The last decade has witnessed a shift in molecular biology from methods that probe hypotheses a few molecules at a time toward whole-genome measurements. With the advent of global gene expression assays, data are becoming available at considerably accelerated speeds. Interestingly, the power of global methodologies brings along its own drawbacks; useful information is typically measured amid high levels of noise. Thus, the quality of analyses obtained from these data depends crucially on an understanding of how noise affects measurement.

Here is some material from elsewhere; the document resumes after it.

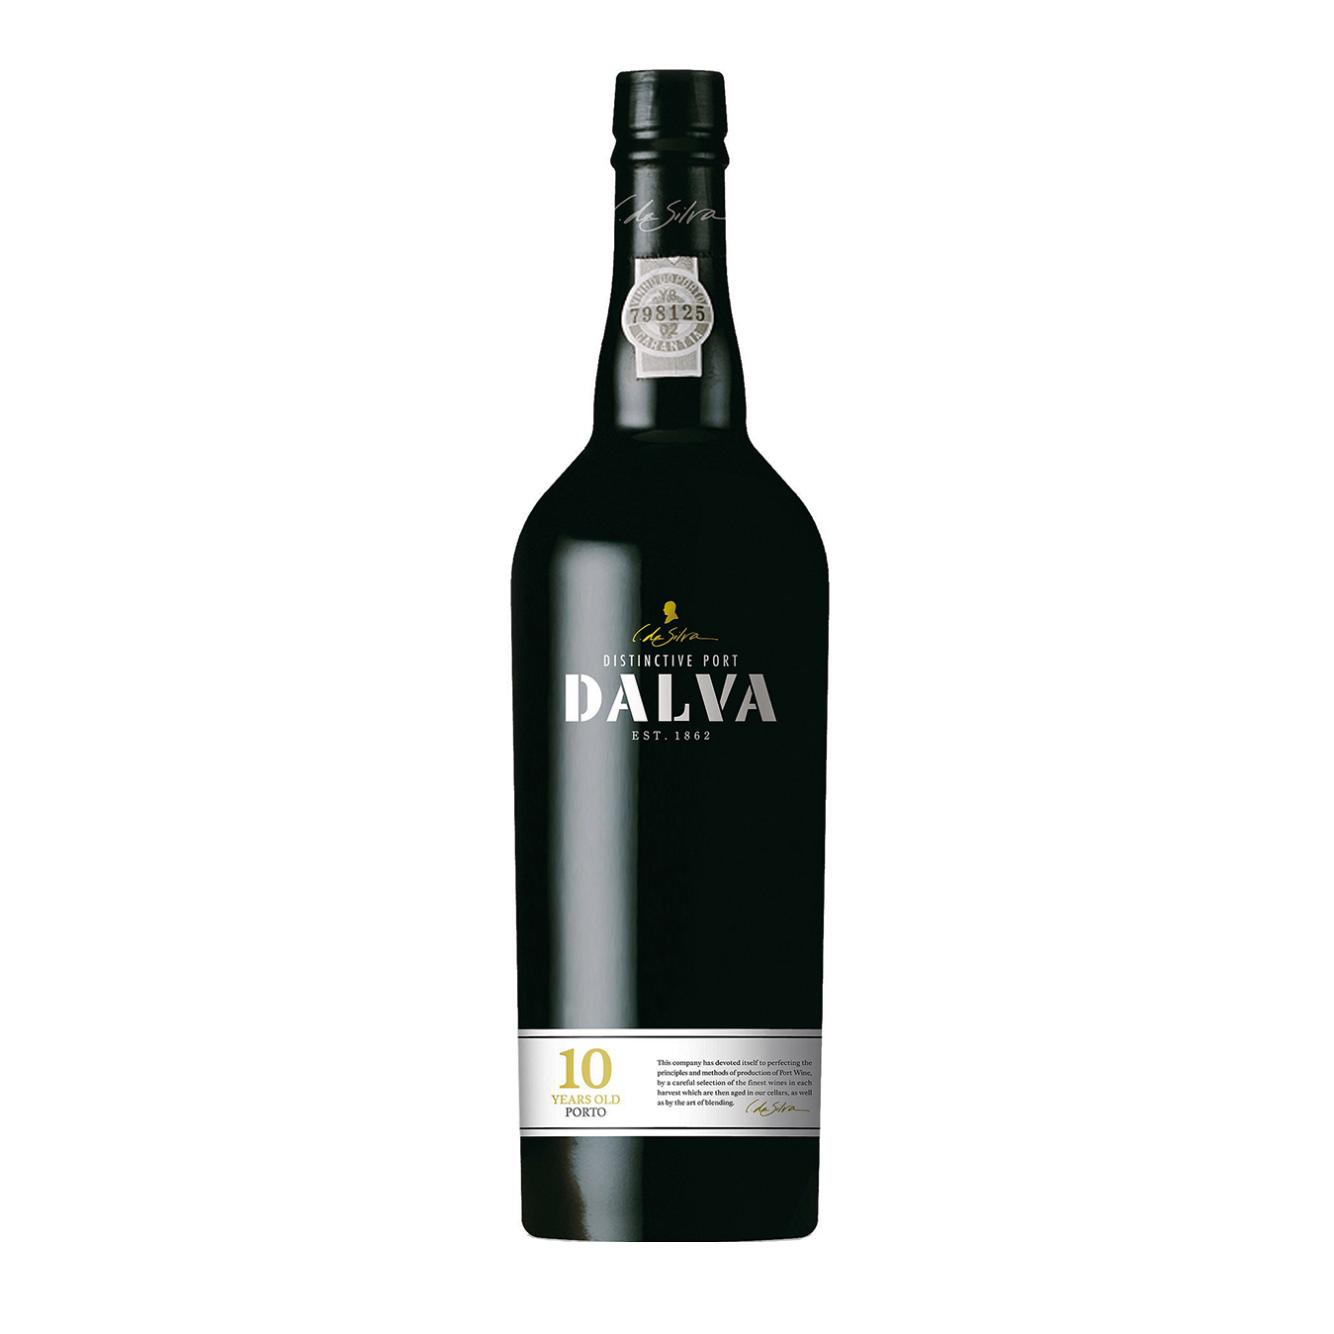 Dalva 10yr Old Port

The most mature global gene expression technology is arguably the microarray (1, 2). In all of its implementations (cDNA arrays, oligonucleotide arrays, etc.), this transcription profiling method exhibits significant technology-dependent noise. Models that characterize this noise through the study of replicate measurements have been developed (3–9) and provide a measure of security against false discoveries. An alternative gene expression profiling method uses the sequencing of short sequence tags derived from the ends of messenger RNA. This methodology encompasses the techniques of serial analysis of gene expression (SAGE) (10, 11) and Massively Parallel Signature Sequencing (MPSS) (12, 13). MPSS represents a powerful alternative to microarray technologies. Recent studies comparing gene expression measurements for the same biological samples with different probe-based microarray technologies showed considerable divergence across platforms (7). Some of these differences are due to the fact that different platforms use different probes for detection of the same genes. Because MPSS provides a sensitive measure of gene expression without requiring a priori knowledge of transcribed sequences, probe selection is not a problem for MPSS.

The MPSS process is complex; from the extraction of the total RNA to the quantification of transcripts, there are a number of steps that contribute to noise. In this paper, we develop a quantitative description of this noise. We then use this description to develop statistical hypotheses that test whether an observed change in gene expression is significant both in binary comparisons and in time course data. Finally, we apply this methodology to MPSS data from macrophages activated with LPS. We identify genes whose expression levels are significantly altered by this pathogenic challenge and compare our results with earlier data obtained by using Affymetrix GeneChips (14).

Materials and Methods

MPSS. A review of the principal stages of the MPSS protocol follows (see Overview of the Protocols Used in MPSS Transcription Profiling in Supporting Text and Fig. 5, which are published as supporting information on the PNAS web site; refs. 12 and 13; or www.lynxgen.com for more details).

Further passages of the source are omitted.